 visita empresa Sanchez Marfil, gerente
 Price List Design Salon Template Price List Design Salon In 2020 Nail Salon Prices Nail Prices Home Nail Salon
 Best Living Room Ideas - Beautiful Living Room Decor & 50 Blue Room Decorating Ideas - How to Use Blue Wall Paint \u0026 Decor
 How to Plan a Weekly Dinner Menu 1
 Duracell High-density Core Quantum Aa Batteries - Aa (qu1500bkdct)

__________

The line with "Best Living Room" and all lines after it through the end of the data above: write these out exactly and add nothing.

- _Solution to this problem_
 Best Living Room Ideas - Beautiful Living Room Decor & 50 Blue Room Decorating Ideas - How to Use Blue Wall Paint \u0026 Decor
 How to Plan a Weekly Dinner Menu 1
 Duracell High-density Core Quantum Aa Batteries - Aa (qu1500bkdct)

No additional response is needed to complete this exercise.